The SDIO TX path rounds the DMA transfer length up to the host's
current block size and hands that length to dma_map_sg() via
sg_set_buf(&sg[scatters], tx_buffer->buf, align) in sdio_tx_work().
tx_buffer->buf typically aliases into an skb linear head whose
allocated size matches tx_buffer->len, not the block-aligned
align. The DMA engine (swiotlb / dw_mci IDMAC) therefore reads up
to one block past the end of the skb. On a PineTab2 with KFENCE
enabled this fires as:
BUG: KFENCE: out-of-bounds read in __pi_memcpy_generic
Out-of-bounds read at ... (704B right of kfence-#...):
__pi_memcpy_generic
swiotlb_tbl_map_single
swiotlb_map
dma_direct_map_sg
__dma_map_sg_attrs
dma_map_sg_attrs
dw_mci_pre_dma_transfer
__dw_mci_start_request
...
bes_sdio_memcpy_to_io_helper+0x18c/0x288 [bes2600]
sdio_tx_work+0x2b4/0x4a0 [bes2600]
allocated by ... pskb_expand_head / validate_xmit_skb / tcp_*
In addition to being undefined behavior, the padding bytes (which
come from whatever memory follows the skb) are transmitted to the
peer, leaking kernel memory on the air.
Allocate a driver-owned DMA-page bounce buffer sized to
MAX_SDIO_TRANSFER_LEN and use it as the scatter-gather backing for
sdio_tx_work. Each TX buffer is copied into its bounce slot and the
tail (align - tx_buffer->len bytes) is zeroed.
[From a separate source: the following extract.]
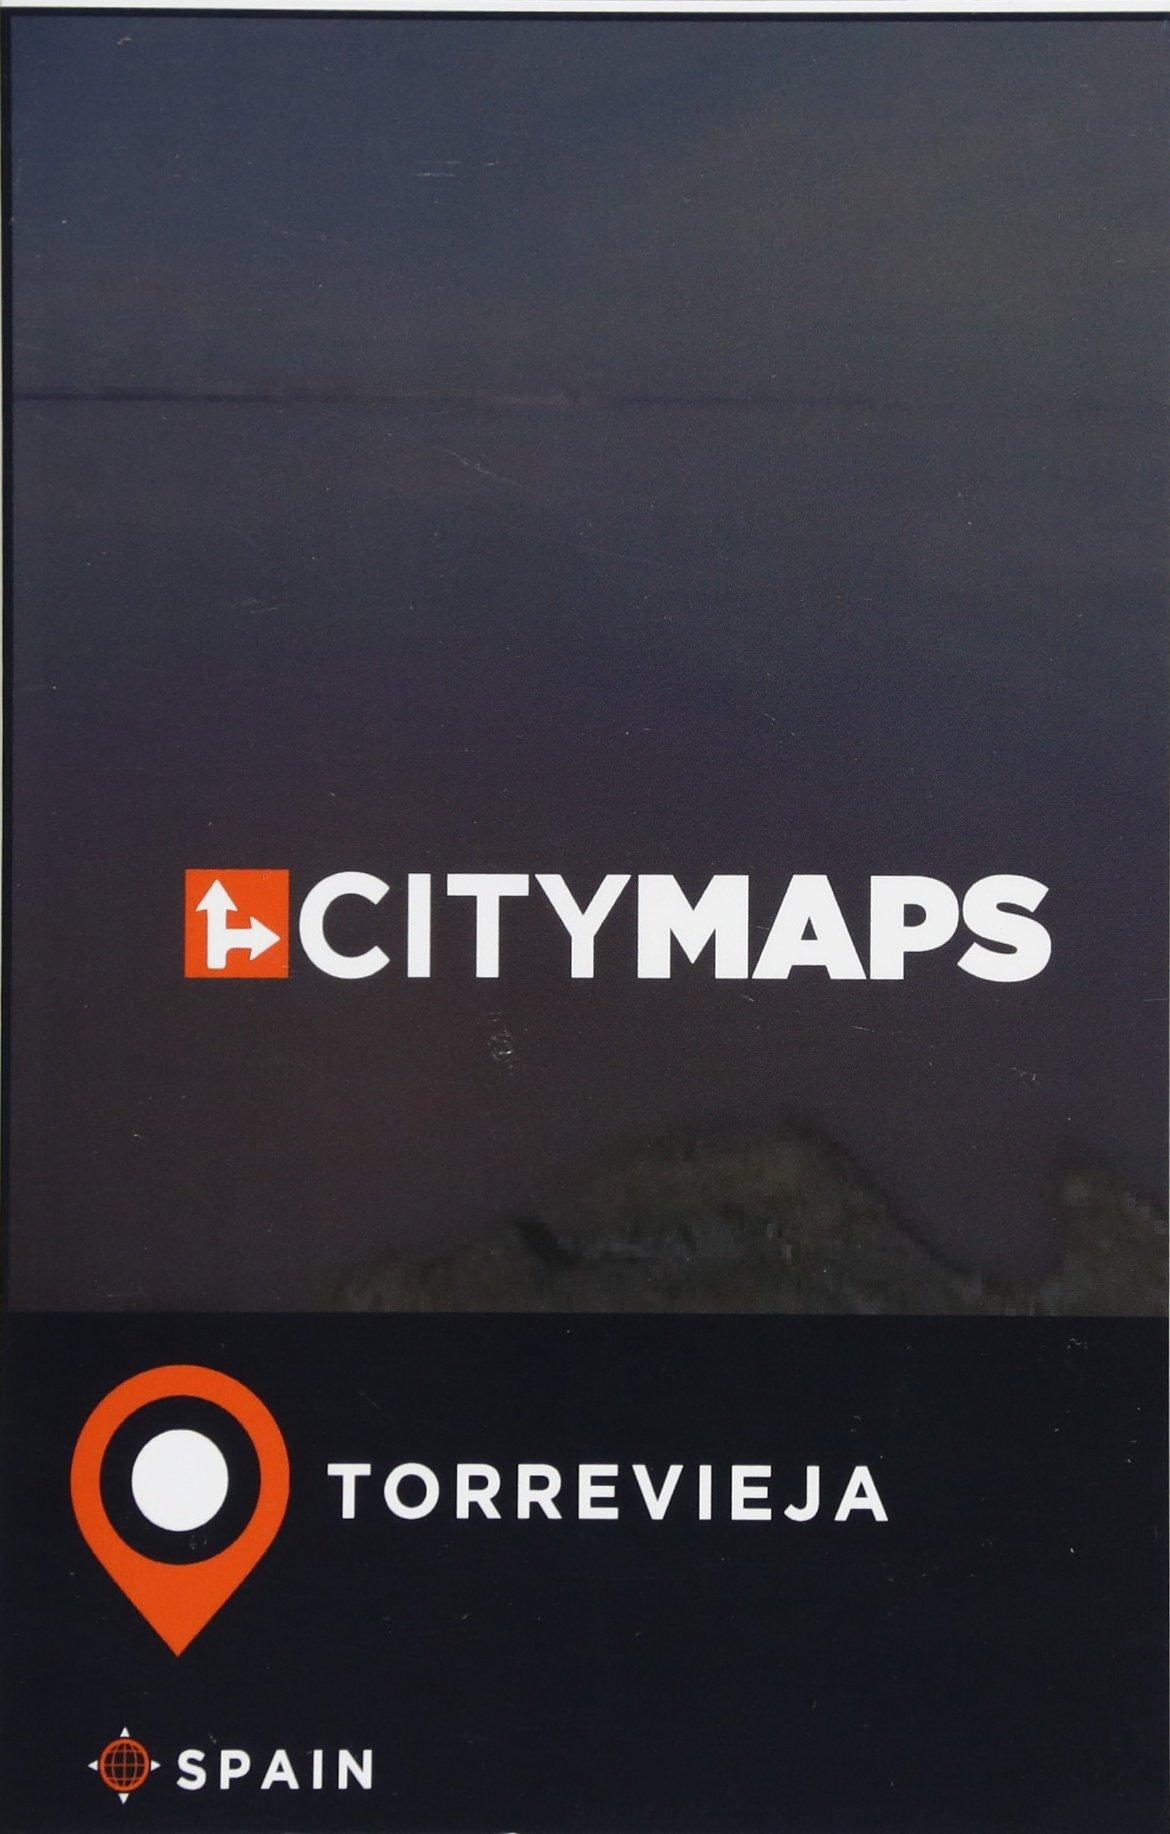 City Maps Torrevieja Spain Amazon Co Uk James Mcfee 9781548795566
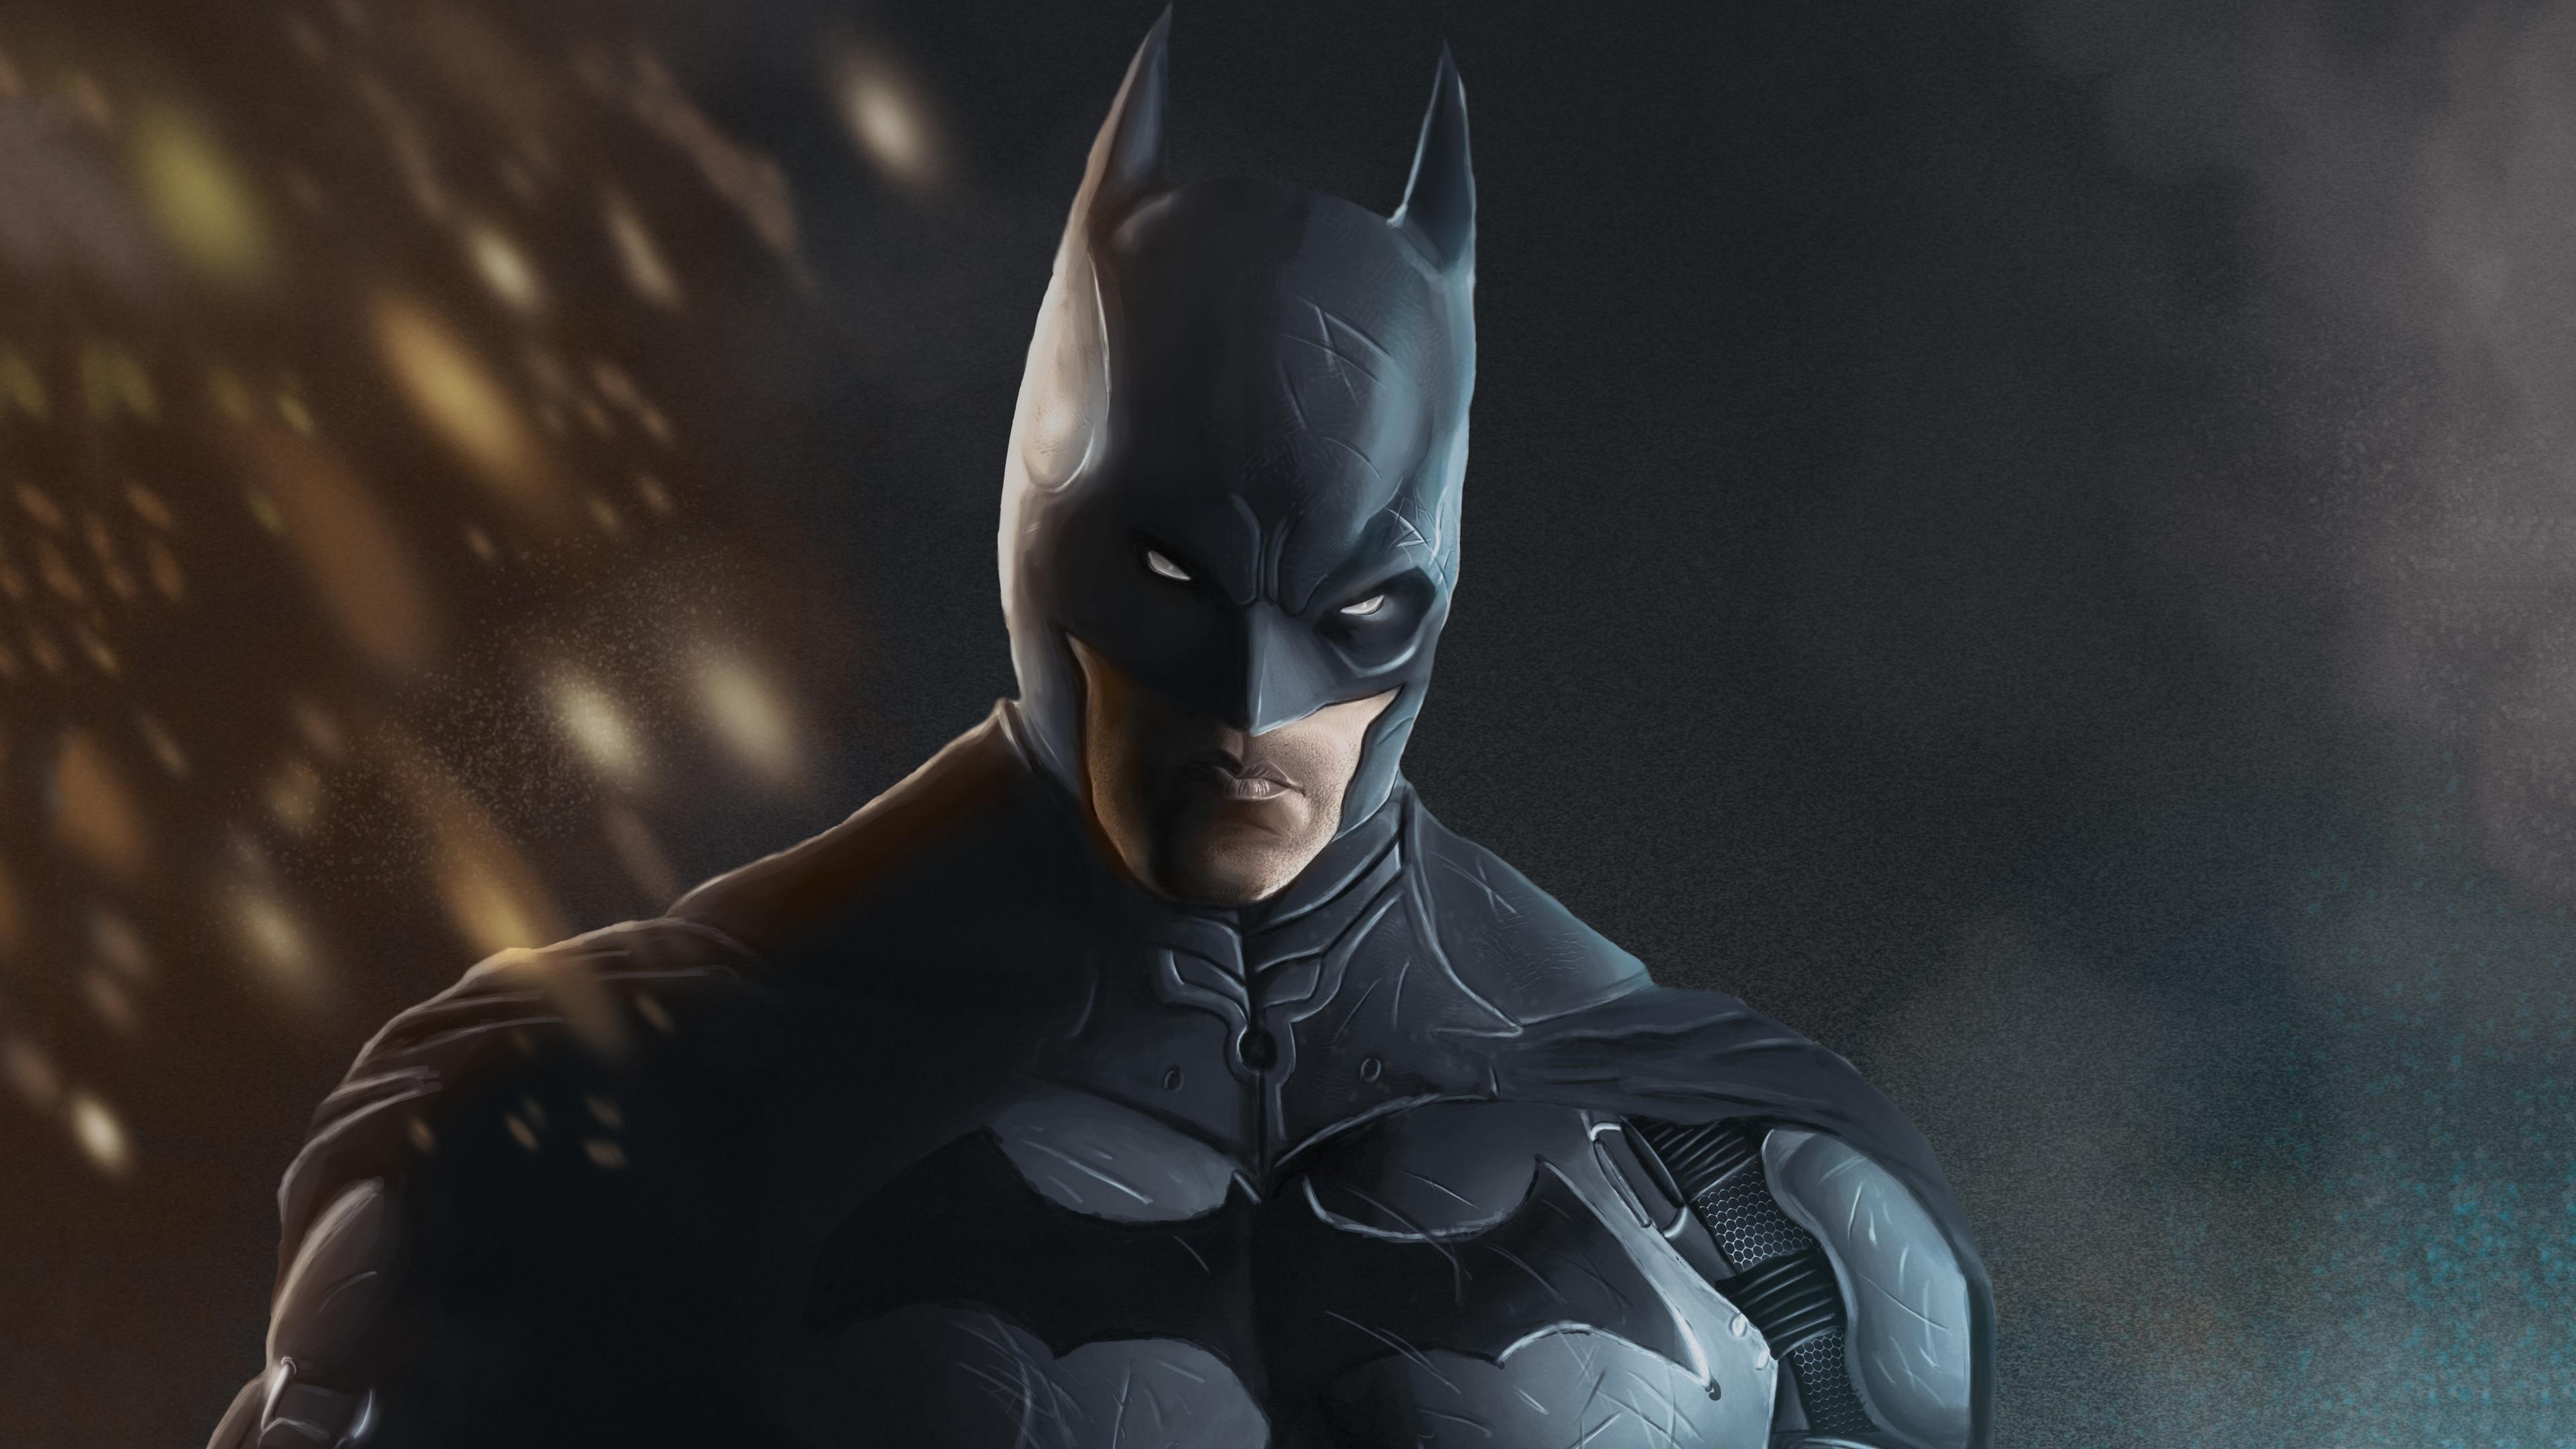 Wallpaper 4k Batman Arkham Knight 5k 4k Wallpapers 5k Wallpapers

This mirrors the
existing bounce pattern already used by bes2600_sdio_memcpy_toio()
via single_gathered_buffer; a separate allocation is used for the
TX path because single_gathered_buffer is only serialised via
sdio_claim_host and sdio_tx_work accumulates scatter entries before
claiming the bus.
Signed-off-by: Markus Fritsche <fritsche.markus@gmail.com>